LAMPUNG — Konsentrasi pengungsi terbesar berada di dua kecamatan yang menjadi episentrum terdampak. Data Posko Tanggap Darurat Penanggulangan Bencana setempat mencatat 12.635 orang mengungsi di Sambi Rampas dan 11.582 orang di Lamba Leda Utara, atau mencakup lebih dari 80 persen total pengungsi. Mayoritas warga di kedua wilayah ini tidak menempati tenda terpusat, melainkan mendirikan posko mandiri di tanah lapang atau halaman rumah yang masih berdiri.

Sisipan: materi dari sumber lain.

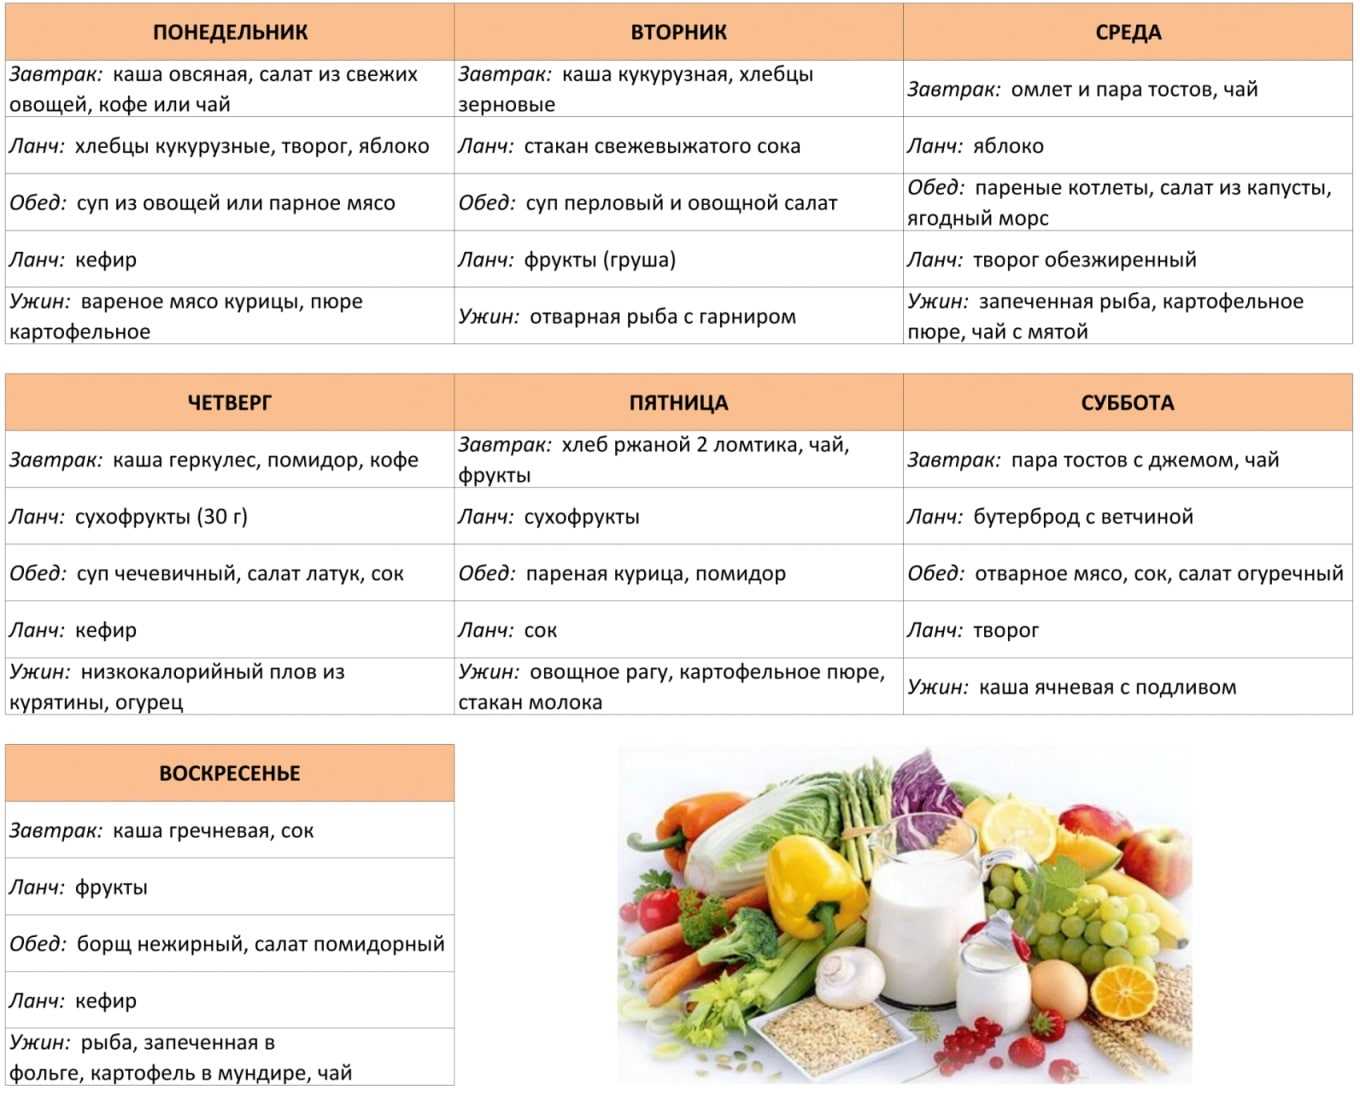 Кефирно-овсяная диета для похудения: отзывы о результатах методики | диеты и рецепты

Sebaran pengungsi lainnya tersebar di Borong (1.743 orang), Lamba Leda (1.215 orang), Lamba Leda Selatan (1.080 orang), dan Elar (685 orang). Kecamatan dengan jumlah pengungsi terkecil tercatat di Elar Selatan dengan 25 orang.
Dari total 683 korban jiwa yang terdampak langsung, 239 orang mengalami luka berat dan 404 orang luka ringan. Kelompok rentan menjadi perhatian khusus petugas: sebanyak 459 ibu hamil kini berada di berbagai posko, dengan jumlah terbanyak di Sambi Rampas (124 orang) dan Borong (51 orang). Mereka membutuhkan layanan pemeriksaan kandungan serta fasilitas persalinan darurat yang memadai.
Kerusakan infrastruktur tidak hanya melanda rumah tinggal. Sekolah, puskesmas, jembatan, irigasi, hingga jaringan air bersih dan sanitasi hancur. Lamba Leda Utara dan Lamba Leda Selatan tercatat sebagai wilayah dengan kerusakan terparah. Puluhan ruas jalan penghubung antarkecamatan terputus, menghambat distribusi logistik ke lokasi pengungsian yang sulit dijangkau.
Kepala Bagian Protokol dan Komunikasi Pimpinan Daerah (Prokopim) Manggarai Timur, Jeany Wajong, mengakui keterbatasan akses menjadi kendala terbesar di lapangan. Pemerintah daerah bersama TNI, Polri, tim SAR, dan relawan saat ini memprioritaskan pembukaan jalur logistik serta pendirian tenda darurat.
"Angka-angka ini bukan sekadar data, ini warga kita yang kehilangan rumah, keluarga, dan tempat berlindung. Fokus utama kami saat ini adalah memastikan tenda darurat, makanan, pelayanan medis, dan pemulihan jalur transportasi segera terjangkau di setiap titik pengungsian," ujar Jeany kepada CNNIndonesia.com, Kamis (2/9).
Ia menambahkan, pembaruan data akan dilakukan secara transparan dan berkala. Hal ini dimaksudkan agar masyarakat luas dapat memantau perkembangan penanganan bencana serta memastikan bantuan tepat sasaran, terutama bagi warga di kecamatan terpencil yang belum tersentuh logistik sejak hari pertama gempa.